Jadi, awalnya tuh disuruh buat skrip video, kukira hal itu bisa jadi bahan belajarku untuk membuat naskah skrip--yang belum pernah aku pelajari. Nah, tetapi aku gagal untuk ikut pelatihan di awal. Sementara, aku kebagian syuting video dan editing-nya.
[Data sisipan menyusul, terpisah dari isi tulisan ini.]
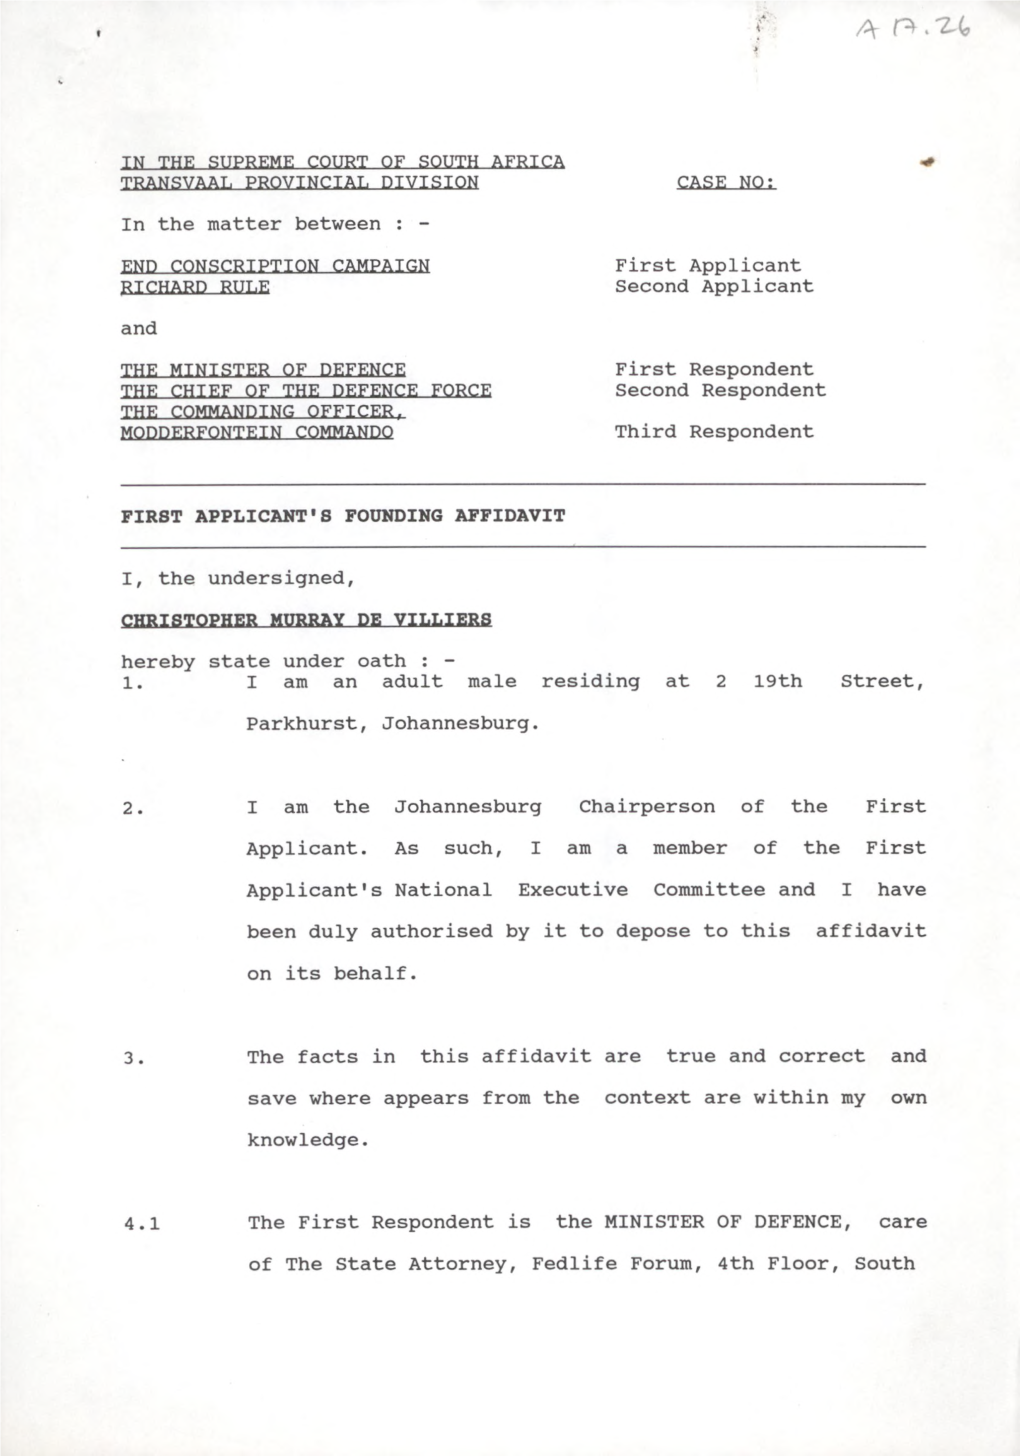 IN the SUPREME COURT of SOUTH AFRICA TRANSVAAL PROVINCIAL DIVISION CASE NO; in the Matter Between
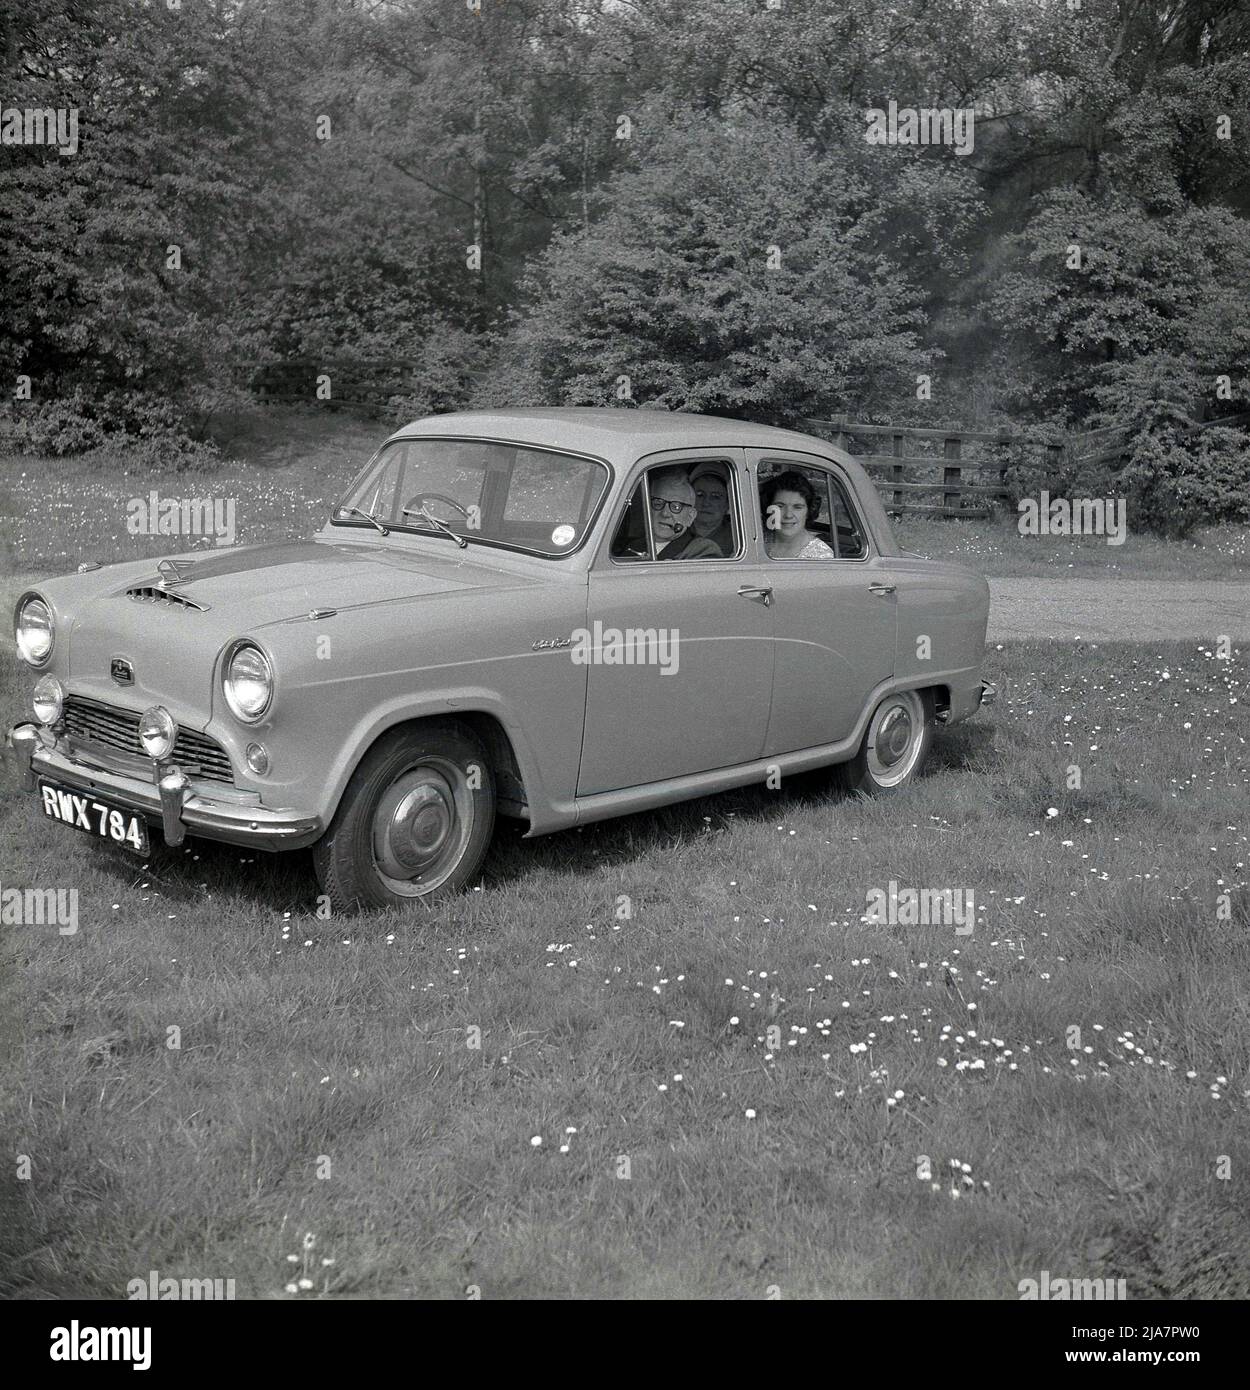 1950s, historical, post-war Britain and parked in a field at a park, a man and two ladies sitting in an Austin A40 Cambridge car of the era. The gentleman is smoking a pipe, while the two ladies sit in the back of the 4-door small family car.  In this era, going out for a day's drive to a scenic location was a popular leisure activity and is considered to be the golden age of motoring. Made by the British manufacturer, the Austin Motor Company, the Austin Cambridge motorcar was in production - with several different versions and body shapes - from 1954 to 1971. Stock Photo

Haduh.

Awalnya sih aku ragu, karena aku benar-benar awal di dunia videografi. Ya, sedikit-sedikit bisa sih, cuma dasar-dasarnya aja. Tetapi kalau untuk bikin video bahan ajar yang formal, belajar lighting, shoot kamera, audio, dll, aku gak pernah belajar sampai segitunya.

Tapi, aku mikir lagi sih. Mungkin ini kesempatan aku belajar langsung di lapangan. Ya, aku udah punya basic-nya dan sekarang Allah kasih ladangnya untuk belajar. Mahabesar Allah dengan segala ketetapan-Nya. Di satu sisi aku juga ragu tapi aku selalu ingat pemikiran aku yang ini. Pasti Allah kasih aku kebaikan di project ini--salah satunya buat aku belajar videografi--sebelum mungkin Allah kasih pekerjaan di luar sana.

Nah, sebelum syuting berlangsung, kami dijeda dulu seminggu untuk mempersiapkan alat dan bahan video. Ya Alhamdulillah lah gak kaget banget untuk langsung terjun lapangan. Tetapi, tiada diduga lagi, ada dosen lain yang menghubungiku untuk minta bantuan lain. Apa itu?

Jadi, dia minta tolong aku buat bantu pekerjaan desainnya. Ya, Desain! Padahal, aku tahu betul kemampuan desainku sangat cetek. Terlalu prematur bagiku untuk bantu pekerjaan desain orang lain. Tapi, lagi-lagi aku berpikir. "Apalagi nih kebaikan yang  Allah kasih?"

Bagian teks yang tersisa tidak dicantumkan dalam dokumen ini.